# Key Chime Issue



## BillH (Nov 22, 2014)

When my key is in the ignition and the drivers door is open, the chime doesn't sound when the key is in the off position but in the ACC position it will chime. That doesn't seem right to me and I keep leaving my keys in the car on occasion because of that. Any ideas about that?


----------



## Merc6 (Jun 8, 2013)

Welcome to the forums! What year and trim Cruze do you have?


----------



## Masongray2000 (Mar 5, 2020)

BillH said:


> When my key is in the ignition and the drivers door is open, the chime doesn't sound when the key is in the off position but in the ACC position it will chime. That doesn't seem right to me and I keep leaving my keys in the car on occasion because of that. Any ideas about that?

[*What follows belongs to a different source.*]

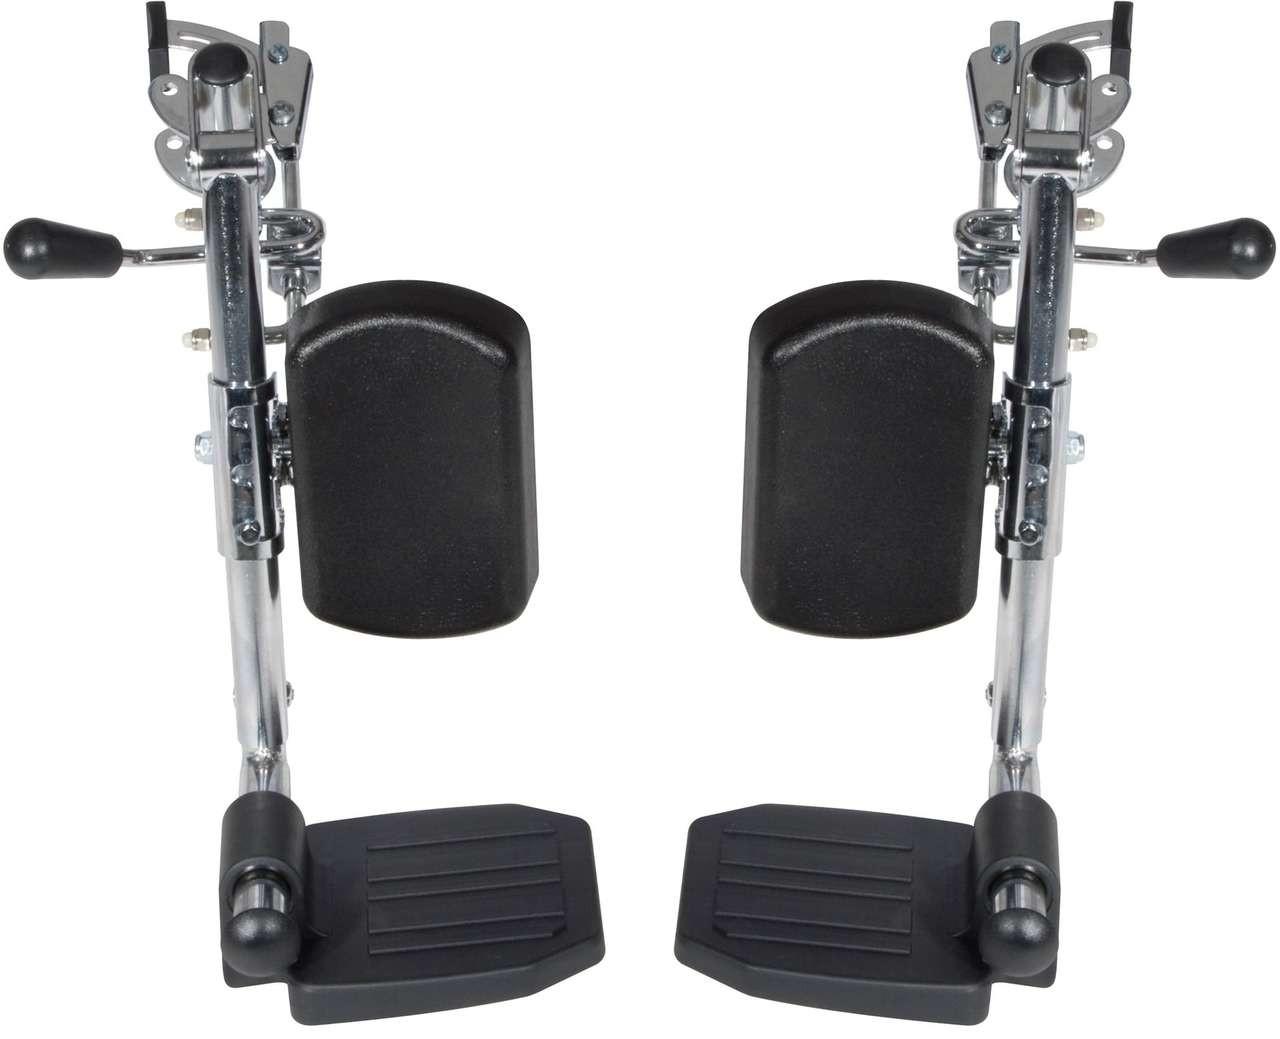 hip chair rental ergonomic settings drive medical swing away elevating legrests baron
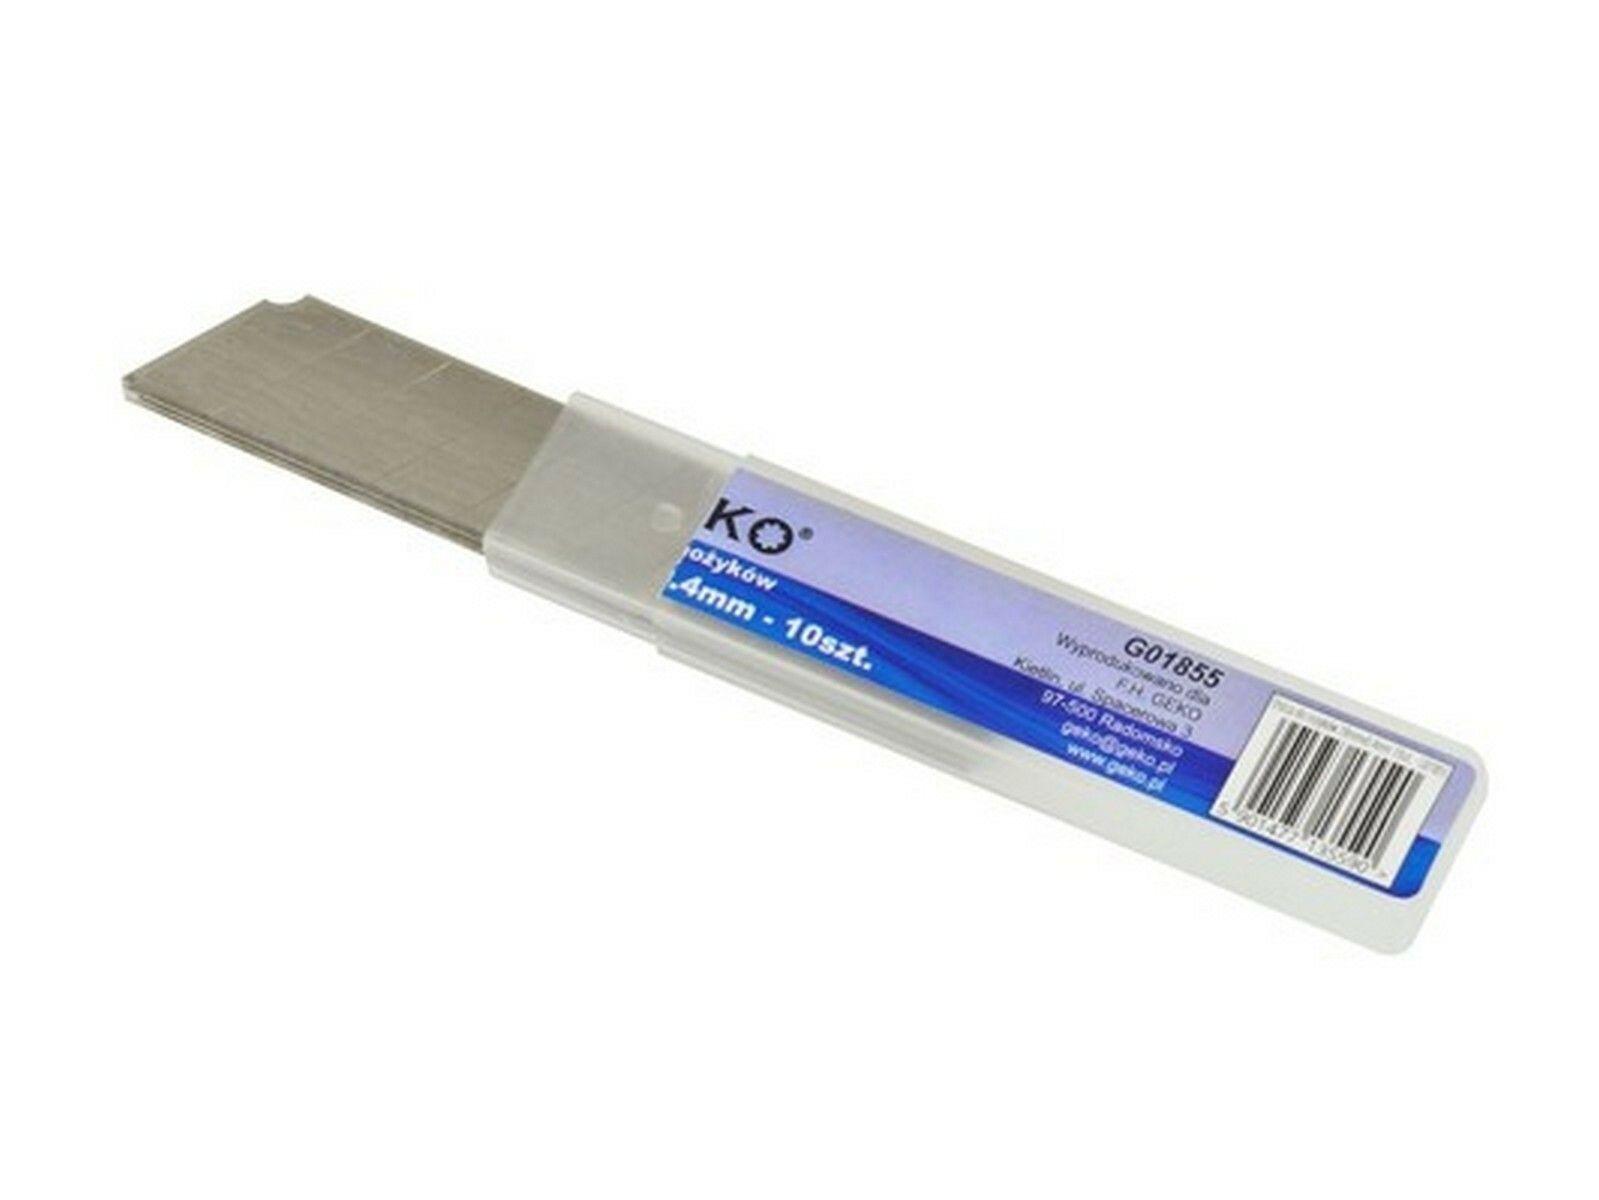 Břity ulamovací do nože, 18 mm, 10ks GEKO

I have a 2014 as well and can not figure this out. Did you figure out what was the problem?


----------



## Shroomie (Jan 16, 2017)

Masongray2000 said:


> I have a 2014 as well and can not figure this out. Did you figure out what was the problem?


He posted this 6 years ago.


----------



## JoeInMilwaukee (Dec 10, 2014)

This could just be the way it's supposed to operate (my 2014 works the same way).


----------



## Thebigzeus (Dec 2, 2018)

JoeInMilwaukee said:


> This could just be the way it's supposed to operate (my 2014 works the same way).


Exactly what I was thinking.


----------